→ THE TASK
Every line below must come back exactly as it stands, with the images omitted.

→ PROVIDED DATA

================================

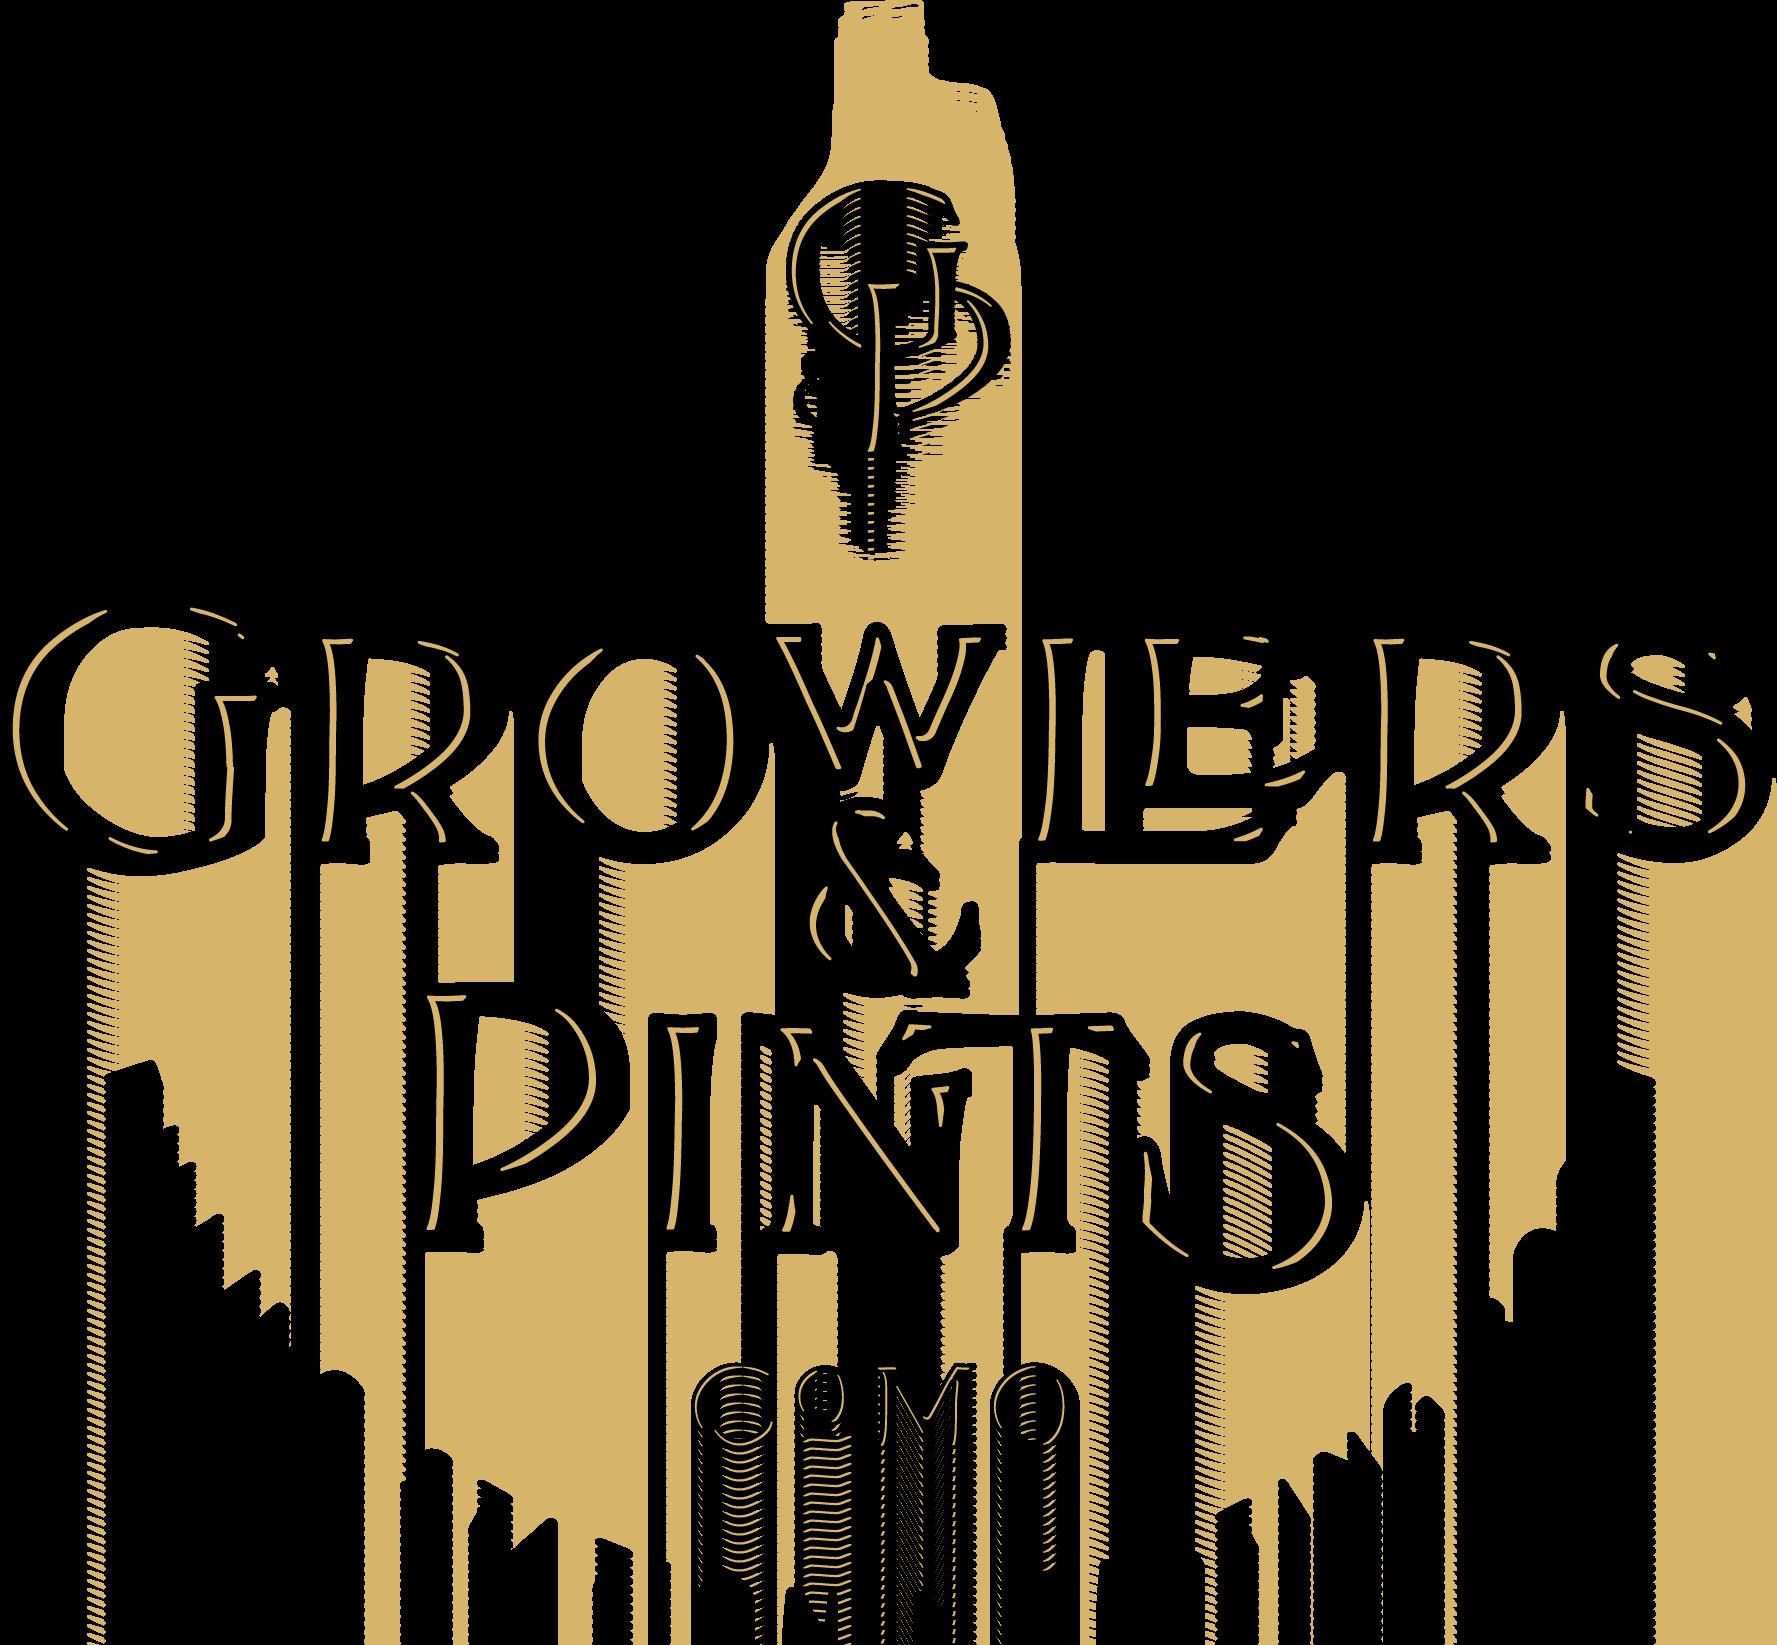 Design a vintage/modern vintage/hipster logo for a Growler Filling Station & Tasting Room
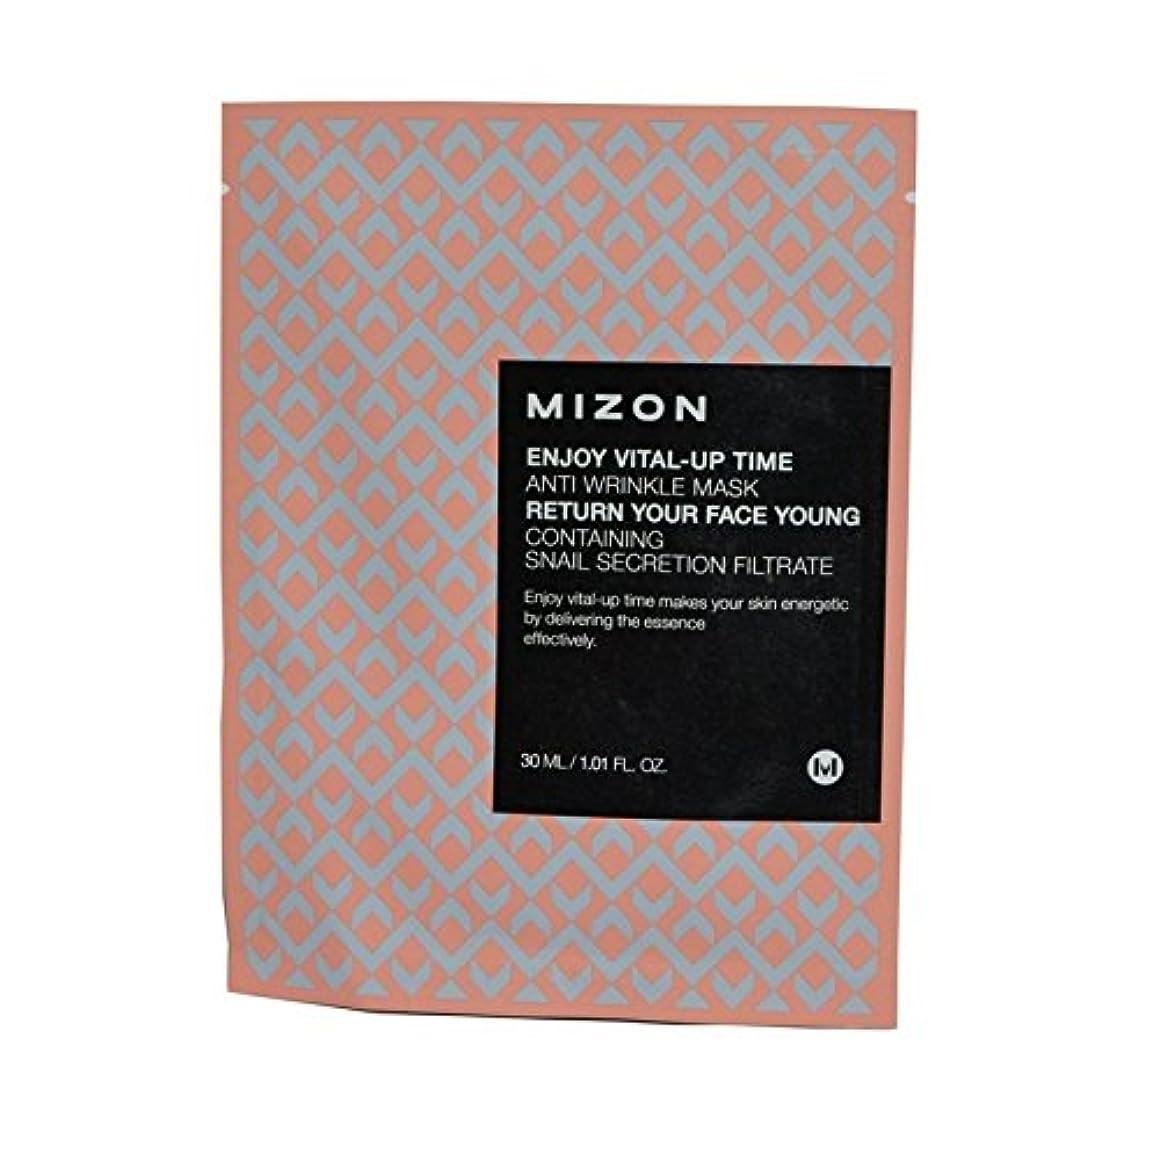 ウェイター悪性換気Mizon Enjoy Vital Up Time Anti-Wrinkle Mask (Pack of 6) - が不可欠アップ時間抗しわマスクを楽しみます x6 [並行輸入品]
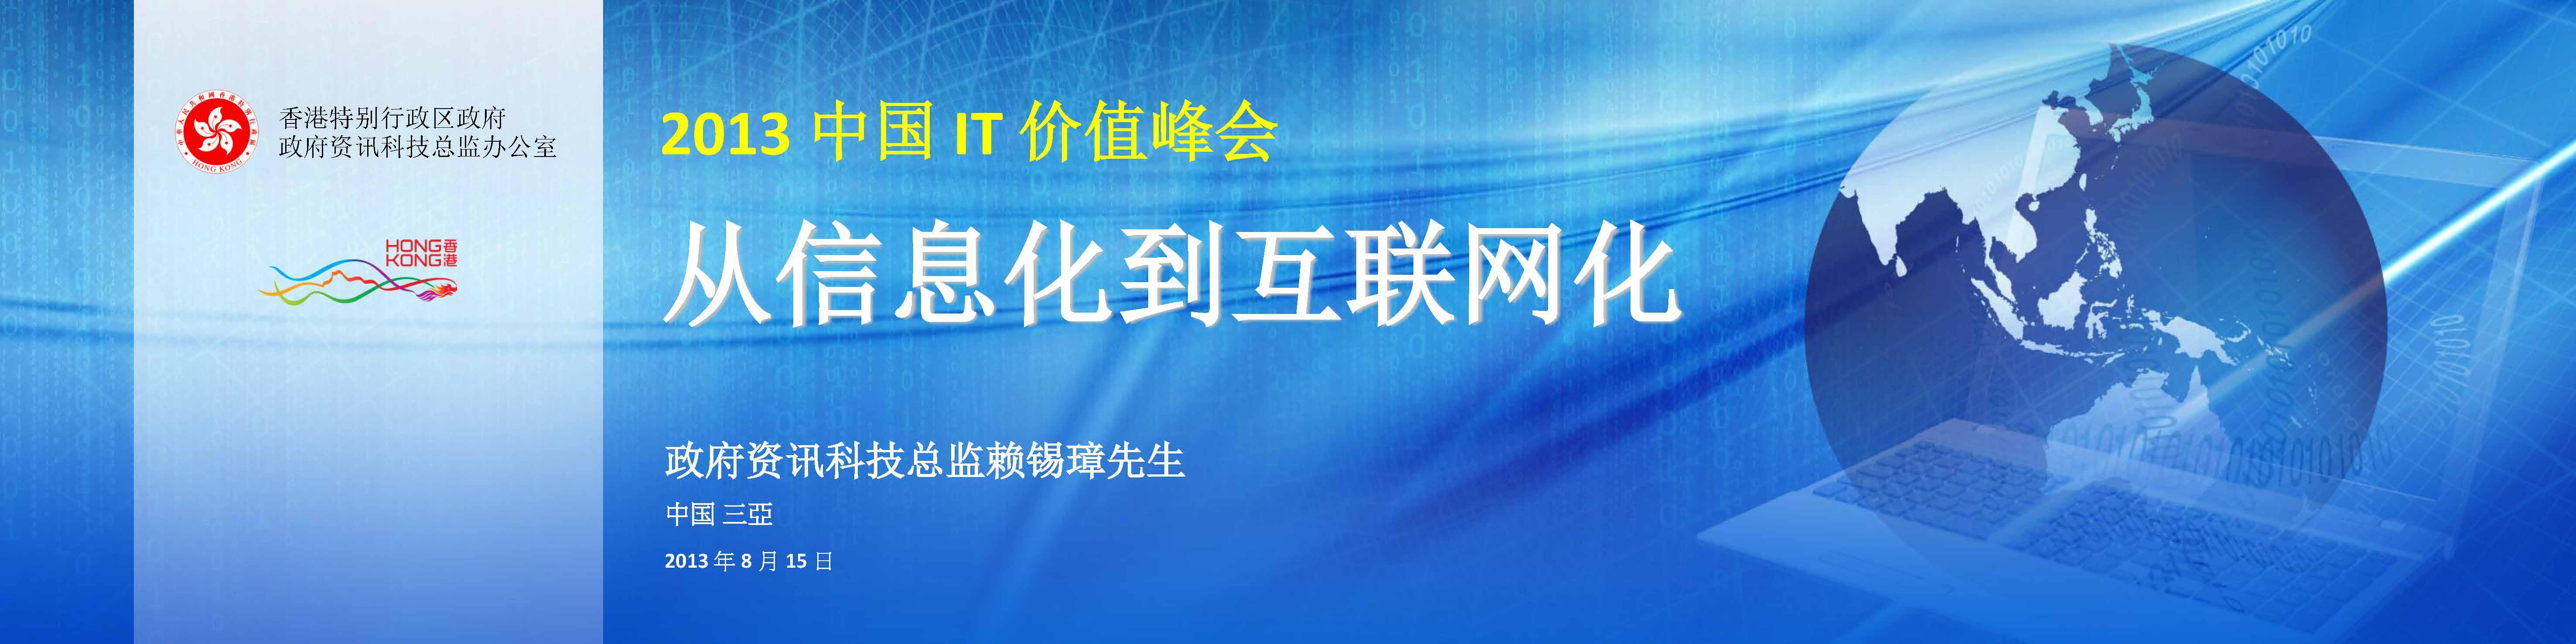 赖锡璋-从信息化到互联网化

================================

→ SOLUTION TO THIS PROBLEM
 Design a vintage/modern vintage/hipster logo for a Growler Filling Station & Tasting Room
 ウェイター悪性換気Mizon Enjoy Vital Up Time Anti-Wrinkle Mask (Pack of 6) - が不可欠アップ時間抗しわマスクを楽しみます x6 [並行輸入品]
 赖锡璋-从信息化到互联网化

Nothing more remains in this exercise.